「そしてね。そのかわりというわけではないんだけど、ケイトには私の妻になって欲しいんだ」

「――え!?」

 今度は、さっきよりも数倍大きい声が出た。

 なんなのだ、ここ最近のプロポーズラッシュは。しかも毎回、喜んでいいのかよくわからない状況での。

「ちょ、ちょっと待ってください。殿下と私は、舞踏会で一度会っただけですよね。そもそもなんで私なんかを妻にしようと……」

「一度会っただけ、じゃないよ」

 静かな声で、王子が告げた。私と王子が、動きを止めたま見つめ合う。部屋の空気も止まった気がした。

「まだ気付かない? こう言えばいいかな。ケイト、私の贈ったブローチは気に入ってくれた?」

「まさか……」

 私の見つめる前で、王子はすっと仮面を外した。隠れていた目元と鼻が露わになる。

 そこにいたのは、私のよく知っているあの人。金髪碧眼でつかみどころのない、『王子さまみたいにかっこいいです』という褒め言葉を笑っていた、あの――。

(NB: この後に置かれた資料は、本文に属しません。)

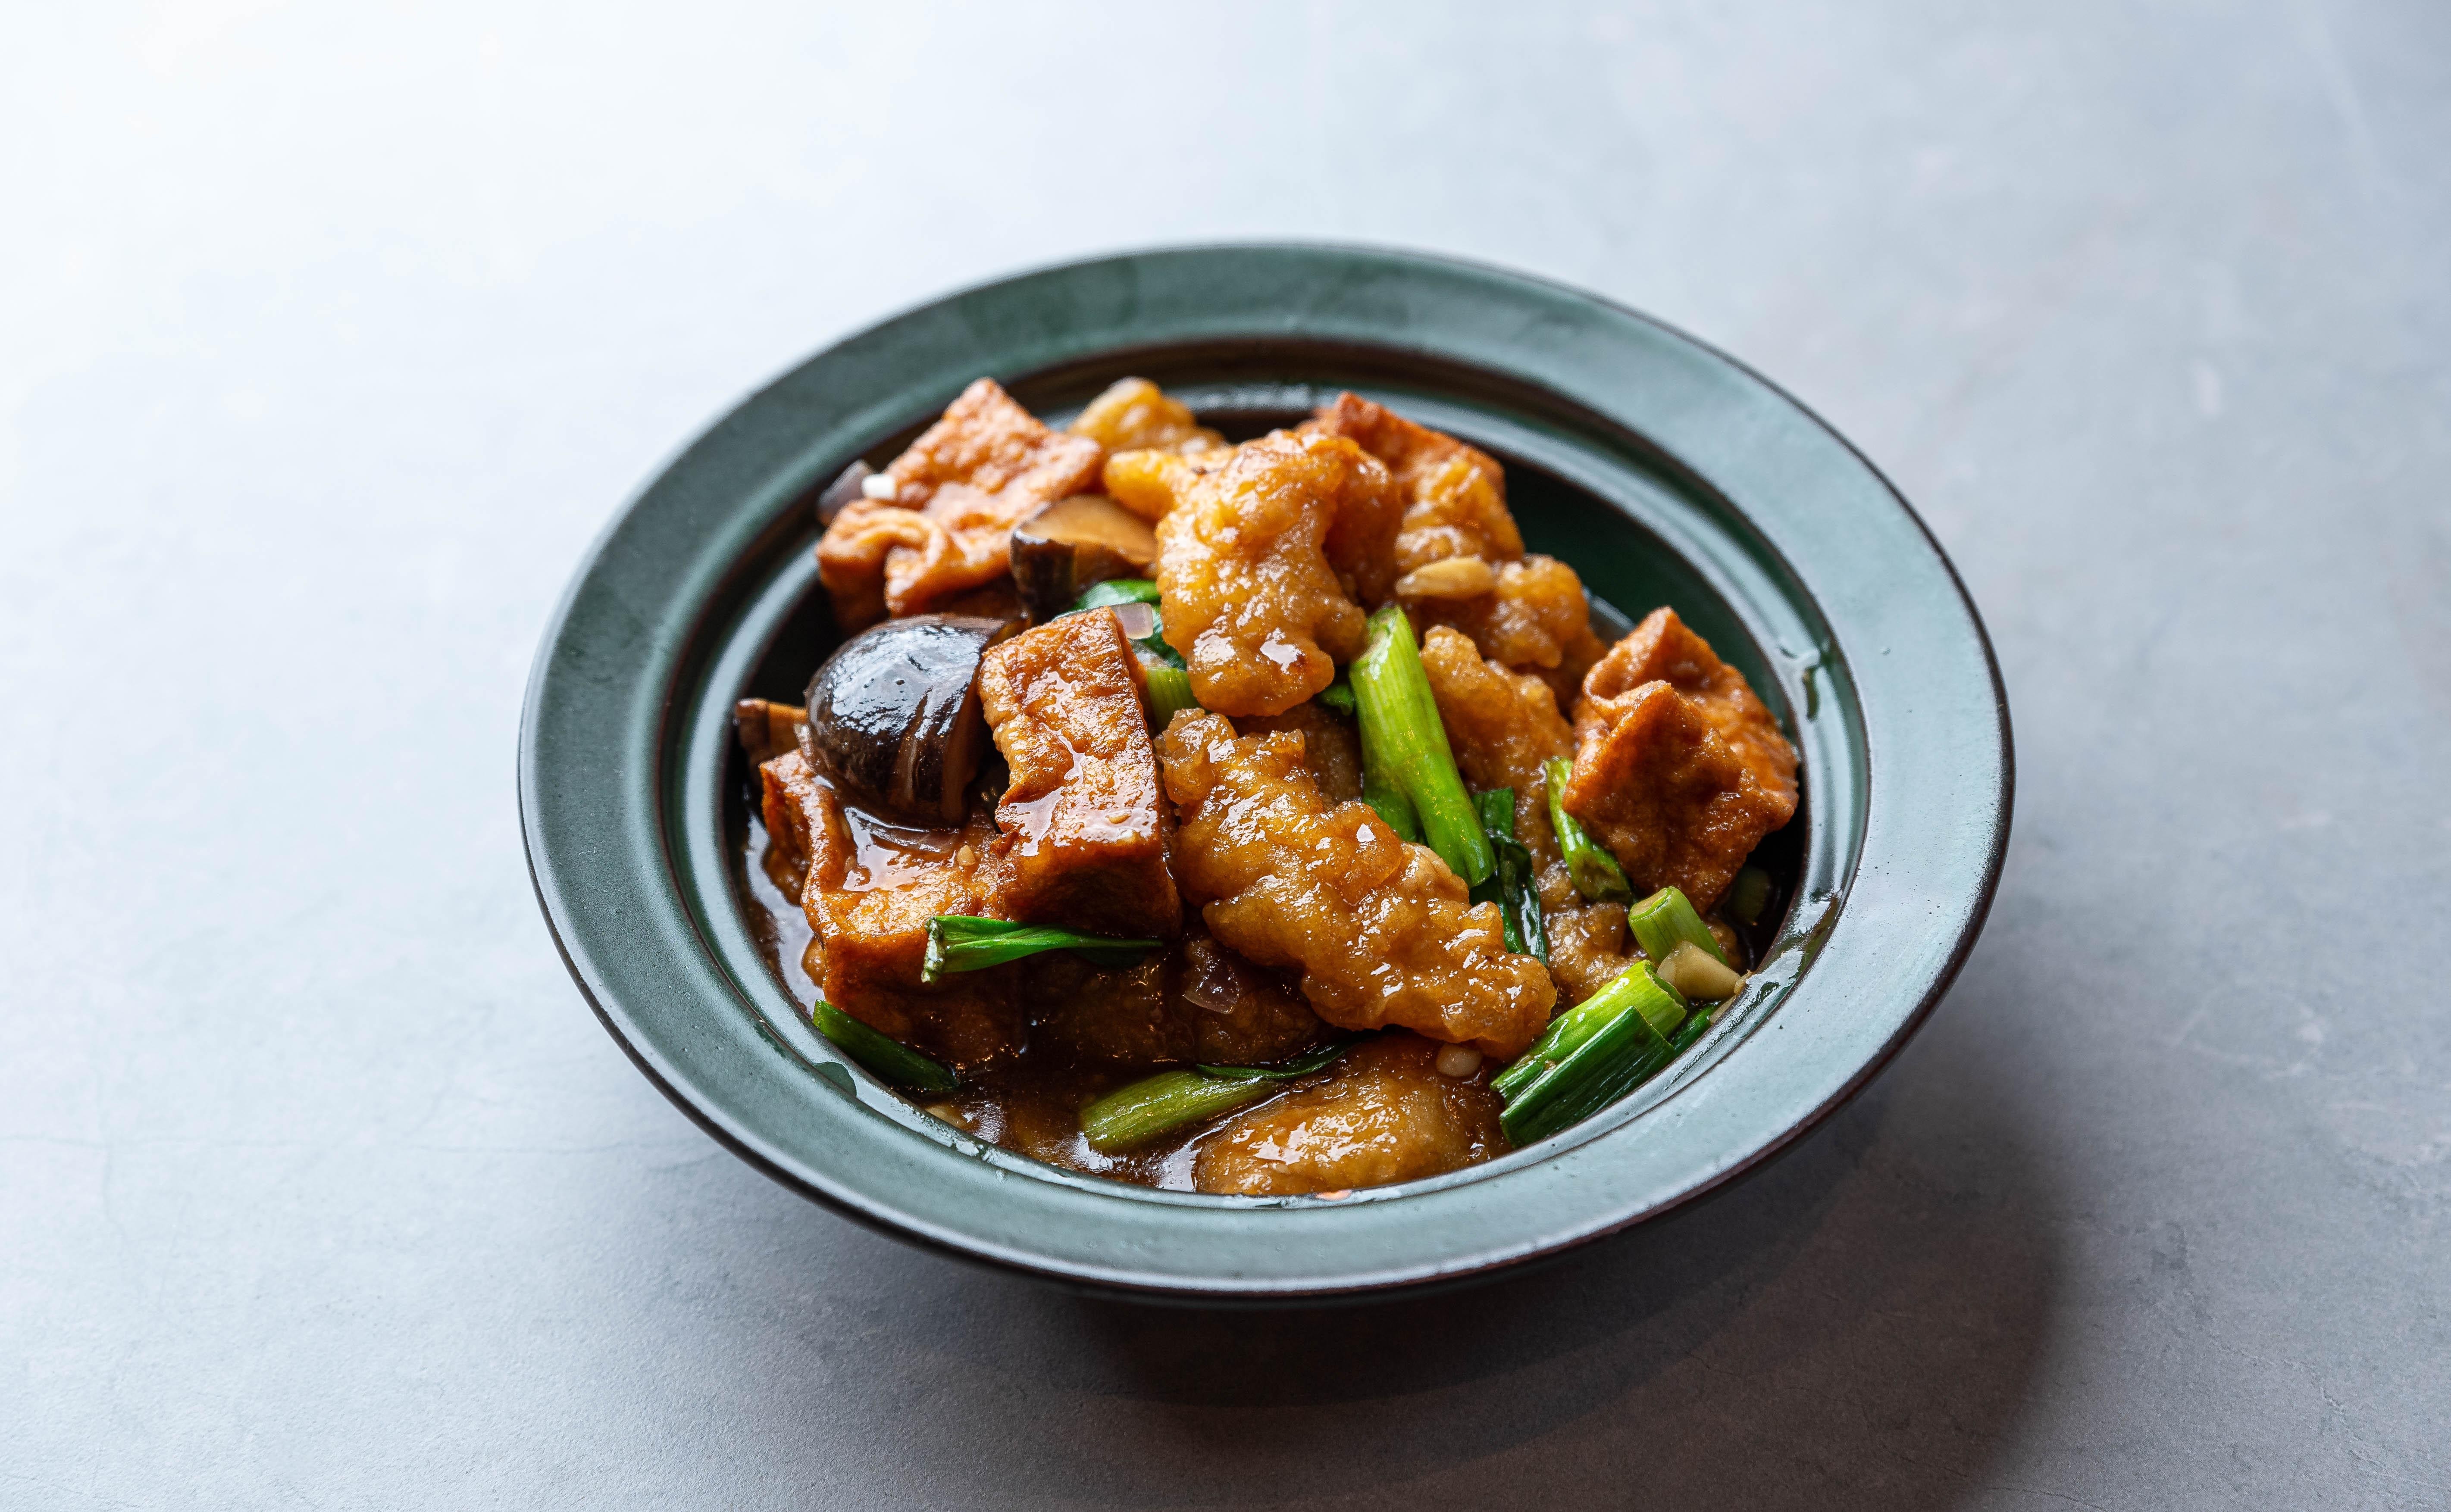 Fish Filet & Tofu 紅燒斑腩飯

「黙っていてごめんね。私の本名は、ウォルナット・フリルテリア。正真正銘、この国の第二王子で、君たちのお店の顧客だよ」

 ウォルは、優しいのに深い眼差しの、あの笑顔を私に見せる。

「ウォルさま、だったんですね……。みんなは、三兄弟は、知っていたんですか?」

「気付いていたと思うよ。その上で、知らないふりをしてくれていたんじゃないかな」

 クラレットがやたら警戒していたことや、アッシュが『ウォルの接客はなるべくするな』と言っていたこと。毎回いつの間にか歩道から消えてしまっていたこと。そして、大晦日の日のあの服装も――。

 これだけヒントがちりばめられていたのに、どうして気付かなかったんだろう。